Ultimately though, Lupus attacked her liver badly in late 2017 and she was diagnosed with Cirrhosis or End Stage Liver Disease in spring of the following year. It’s then you find the person who was so desperate to live life on their own terms suddenly wants it to go on a bit longer. She’d had spells before where she’d just stop drinking – hardly the actions of an alcoholic I’d suggest – but she stopped completely in the autumn of 2017. Gail was fighting hard throughout the summer and it says much for her spirit and determination that, although she was unwell, the end came as a shock for me and also, it was confirmed later, the Doctors.
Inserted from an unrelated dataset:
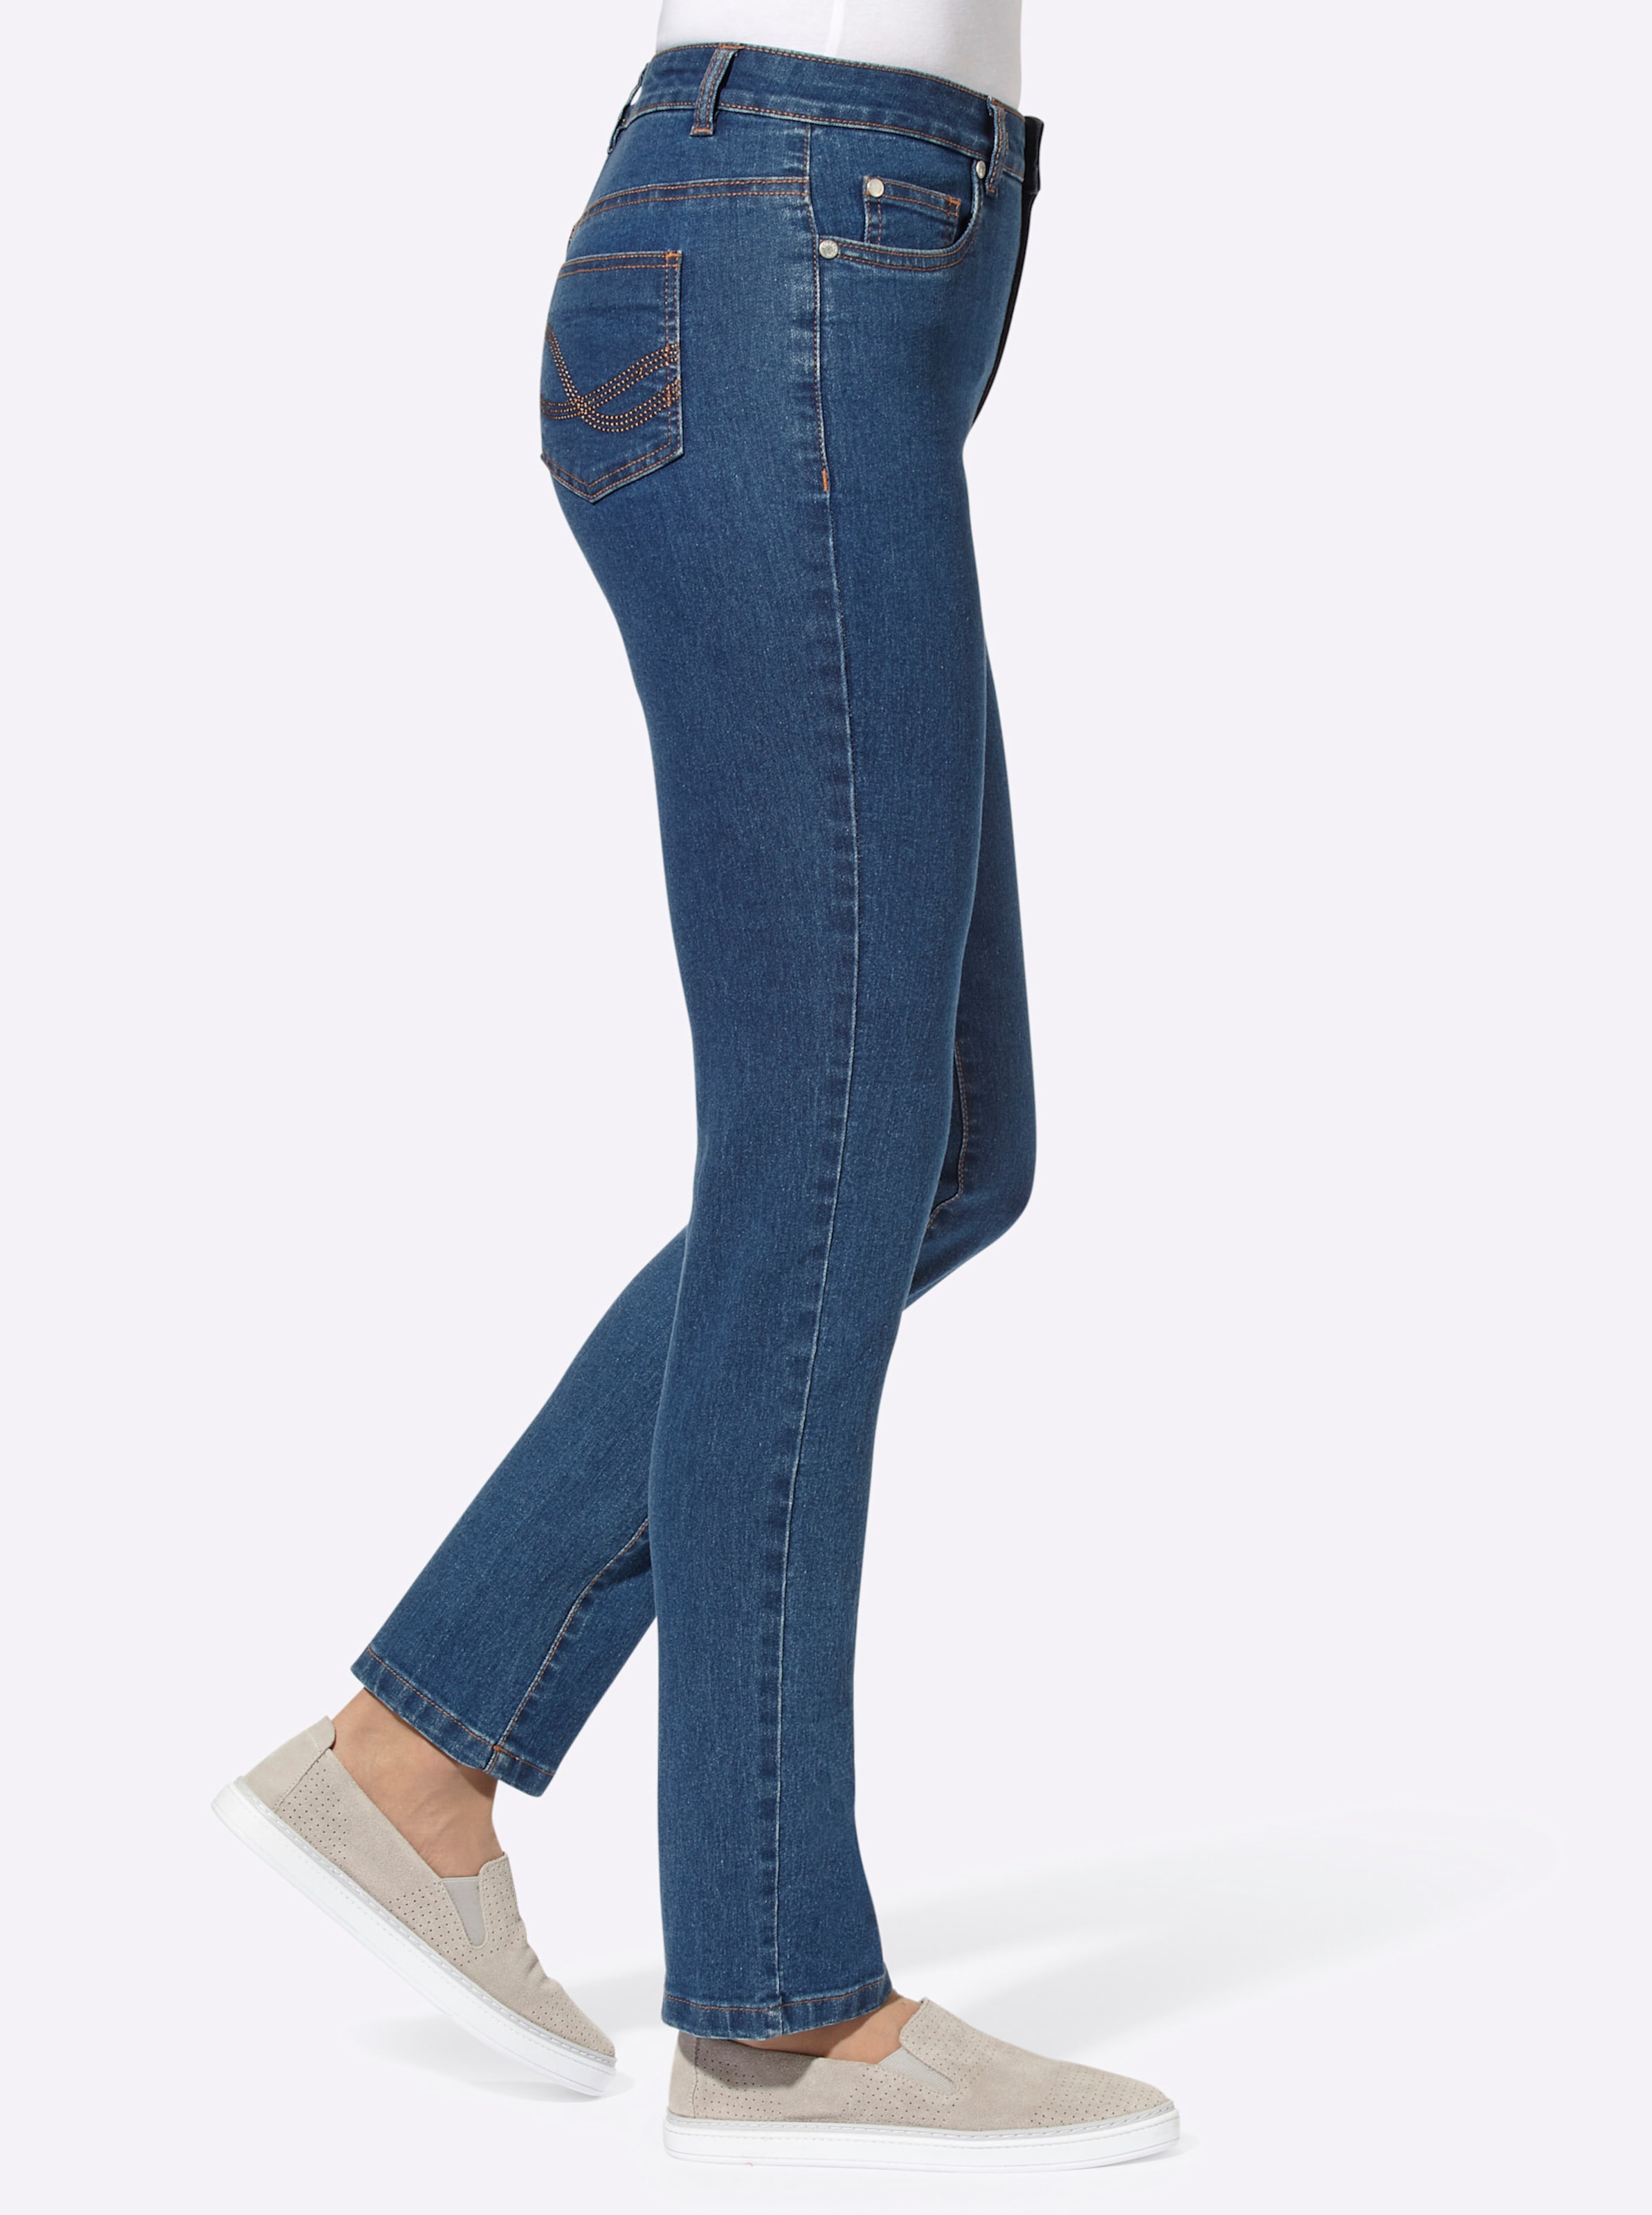 Dank Der günstig Kaufen-5-Pocket-Jeans in blue-stone-washed von heine. 5-Pocket-Jeans in blue-stone-washed von heine <![CDATA[Sitzt optimal dank Stretch! Schmal geschnittene Jeans in der typischen 5-Pocket-Form mit Ziernieten an den Taschen. Gürtelschlaufen sowie Knopf- und Rei

When I left her on the evening of Saturday 28th, I stopped off to speak to a Doctor and ask how she was doing. “She’s very ill, of course, but we just need to balance things and get her stable, then we can get on with improving her health”. “We’ll get there” he called out as I closed the door. It was likely had she survived this she would have had a liver transplant as the hospital were happy that she wasn’t an alcoholic, had given up when needed and could lead a normal life with a new liver.

I didn’t get to the hospital in time the following morning. I’d had the ‘You might want to get here’ call but, unfortunately, my local hospital where she’d been for the previous month, just five minutes drive away, had transferred her to Addenbrooke’s in Cambridge on the previous afternoon. Cambridge was an hour’s plus drive.

I have a reputation for never being on time. I even missed my wife’s death.